Red-flowering Currant is an ornamental shrub with stunning rose-colored flower clusters becoming purple-black, edible berries.
The berries of the Red-flowering Currant are a native food for both humans and wildlife. They are closely related to the European Red Currant, commonly cultivated for their edible berries in Europe. Native American peoples, wild foragers, and sustainable gardeners have and continue to value this plant as food using the berries both fresh and dried.
The taste ranges from bland to sweet, and the texture from mealy to juicy, depending on growing location and sub-species characteristics. Increase their natural sweetness with full sun, rich soils, and sufficient water. Their natural flavor shines when dried into "currant raisins" or made into jams, pies, juices, or syrups. Or, give this treat to the wildlife! The birds love them!
Environment and Culture
Red-flowering Currant is at home in sunny forest openings and edges, as well as along the stream-sides, throughout the Pacific Northwest - from sea to mountain tops. The prolific flower-clusters are a stunning burst of color amidst the greens and brown of the NW forest Spring. Red-flowering Currants prefer moist humus-rich soils, at least part-sun, and steady moisture. Our native Currants have been an important ecological food source for both humans and wildlife for millenia. Butterflies, birds, bees, moths, and hummingbirds adore the flower nectar.
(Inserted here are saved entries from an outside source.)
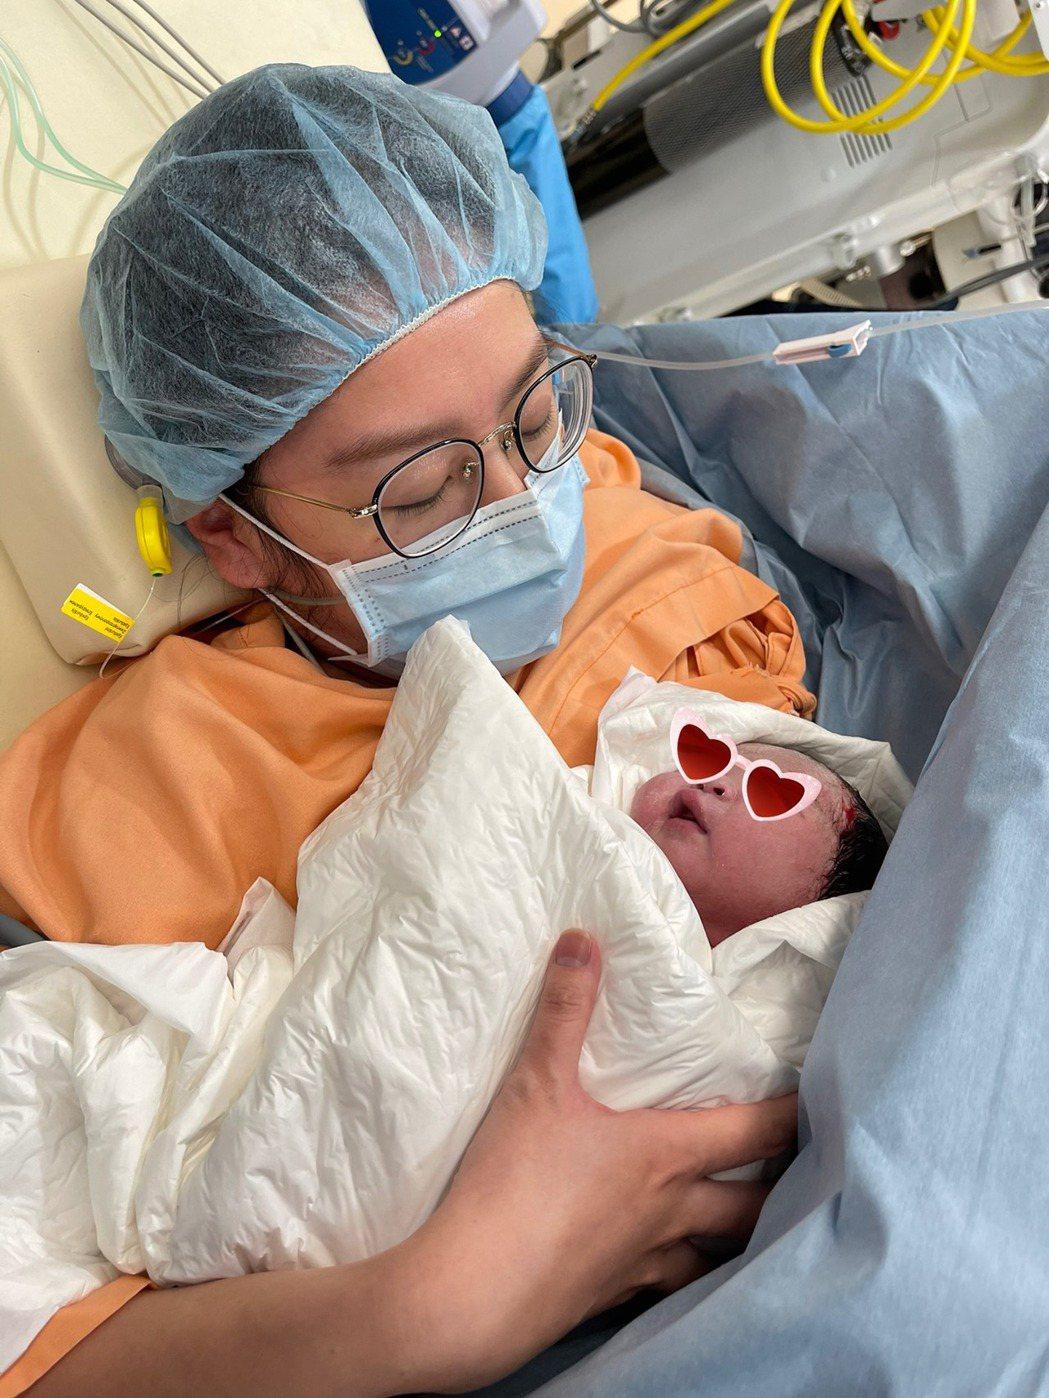 陶嫚曼最近剛生完第二胎。 圖/擷自陶嫚曼臉書
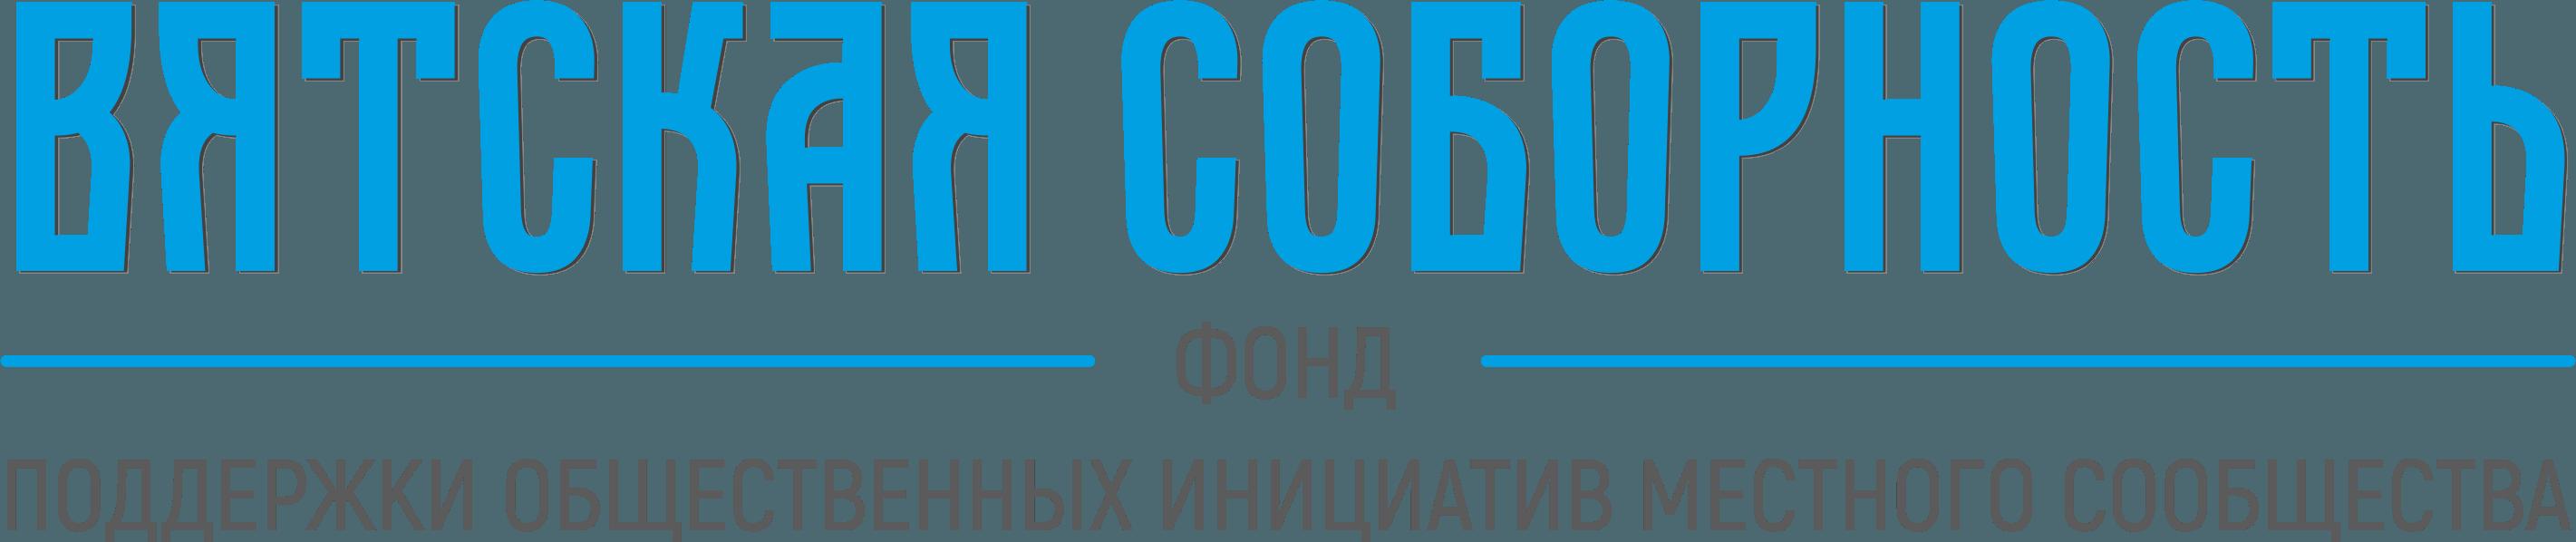 Фонд «Вятская соборность»
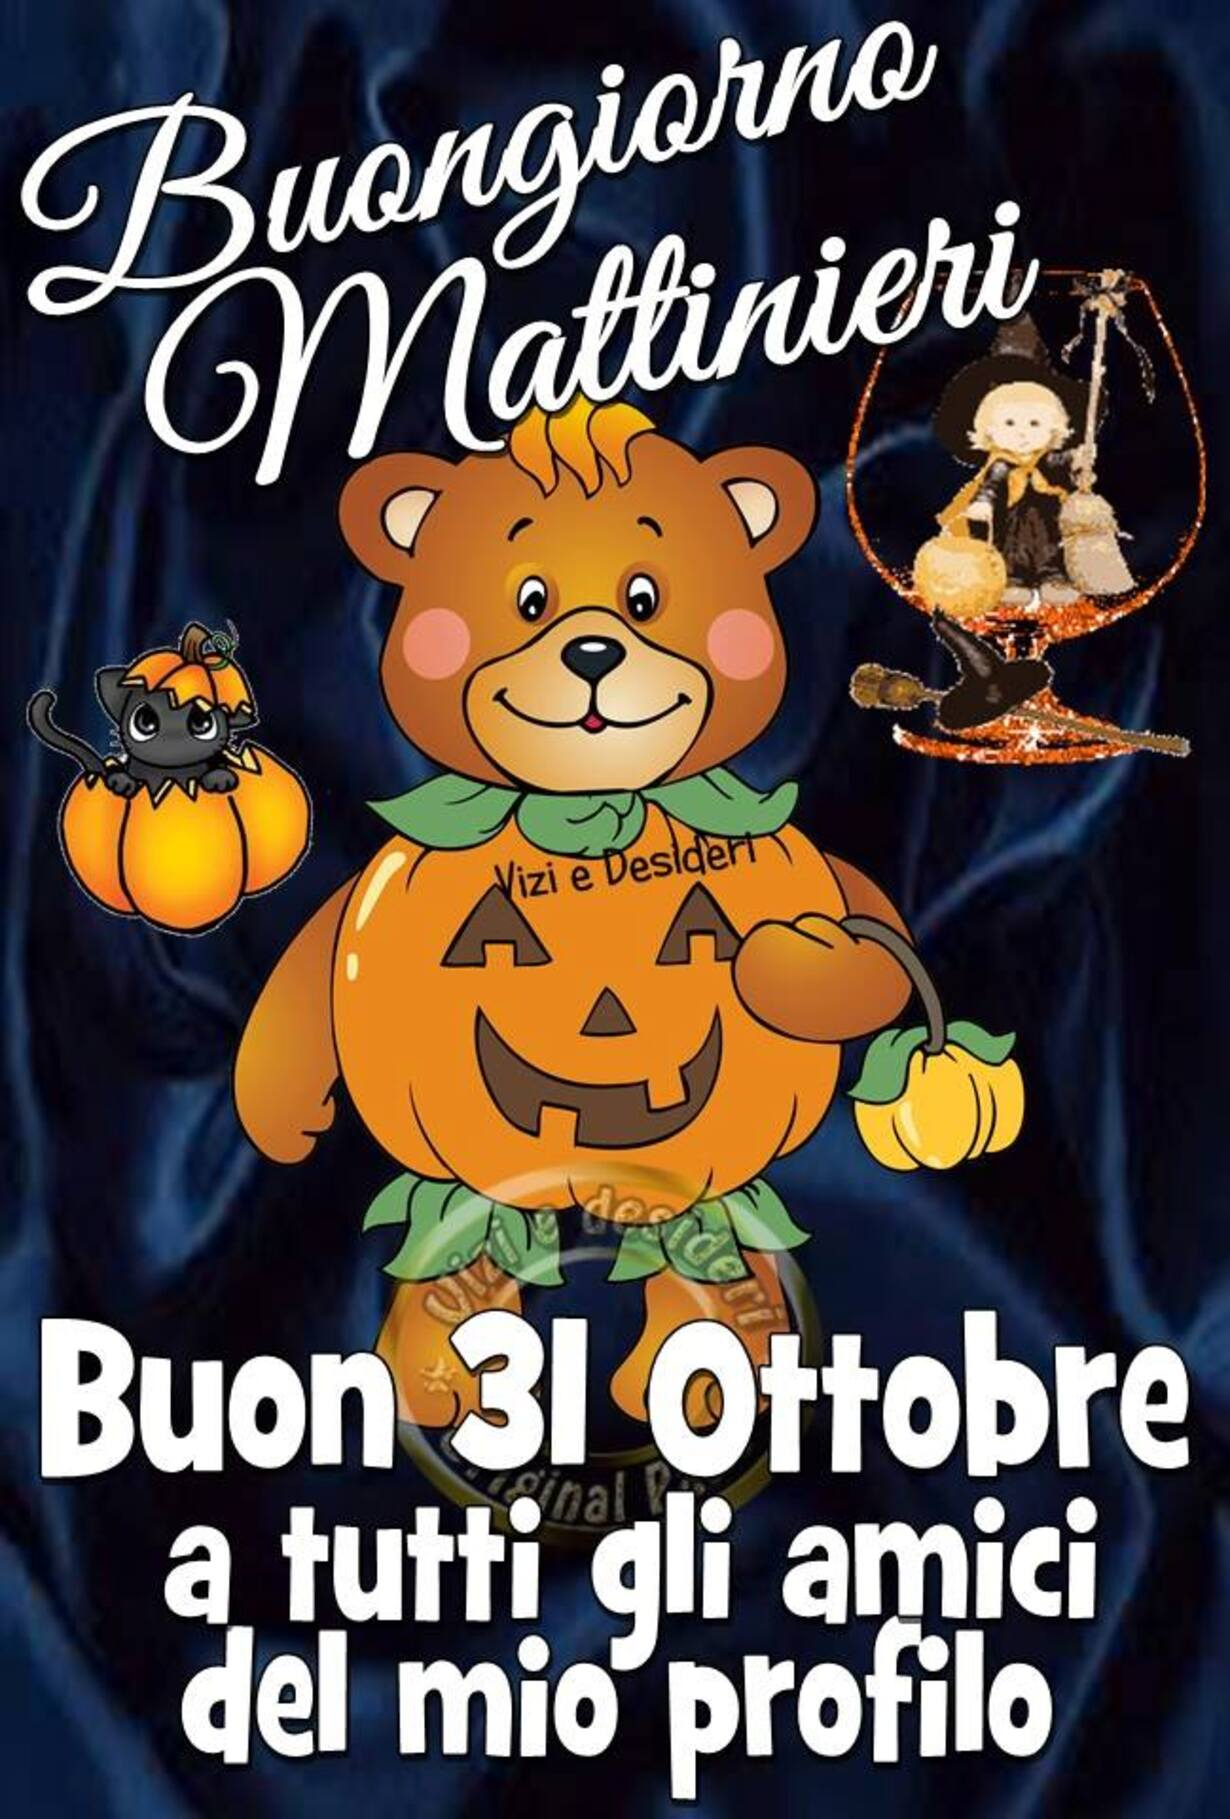 44 Immagini E Frasi Per Augurare Buon Halloween

Northwest Native American tribes today still value this special tree as food, medicine, and family. Despite great cultural losses, they continue to work towards stewarding and restoring wild populations, both strengthening the integrity of the ecology and sustaining their cultural heritage and wisdom. These strong and recovering peoples and plants deserve our respect, gratitude, and reparations. (Learn more & how to help on our Charitable Giving page.)
Harvest, Care, and Preparation
Harvest the berries in late Summer/early Fall when they are purple-black, plump, and just barely beginning to soften to the touch. Giving this plant full sun and ample water is likely to increase the juiciness and sweetness of the berry. The berries can be eaten fresh off the plant, collected for a jam/jelly (strain the seeds out) or other confections, or dried for future use. Dried berries increase in sweetness and can be stored for long periods of time. Enjoy!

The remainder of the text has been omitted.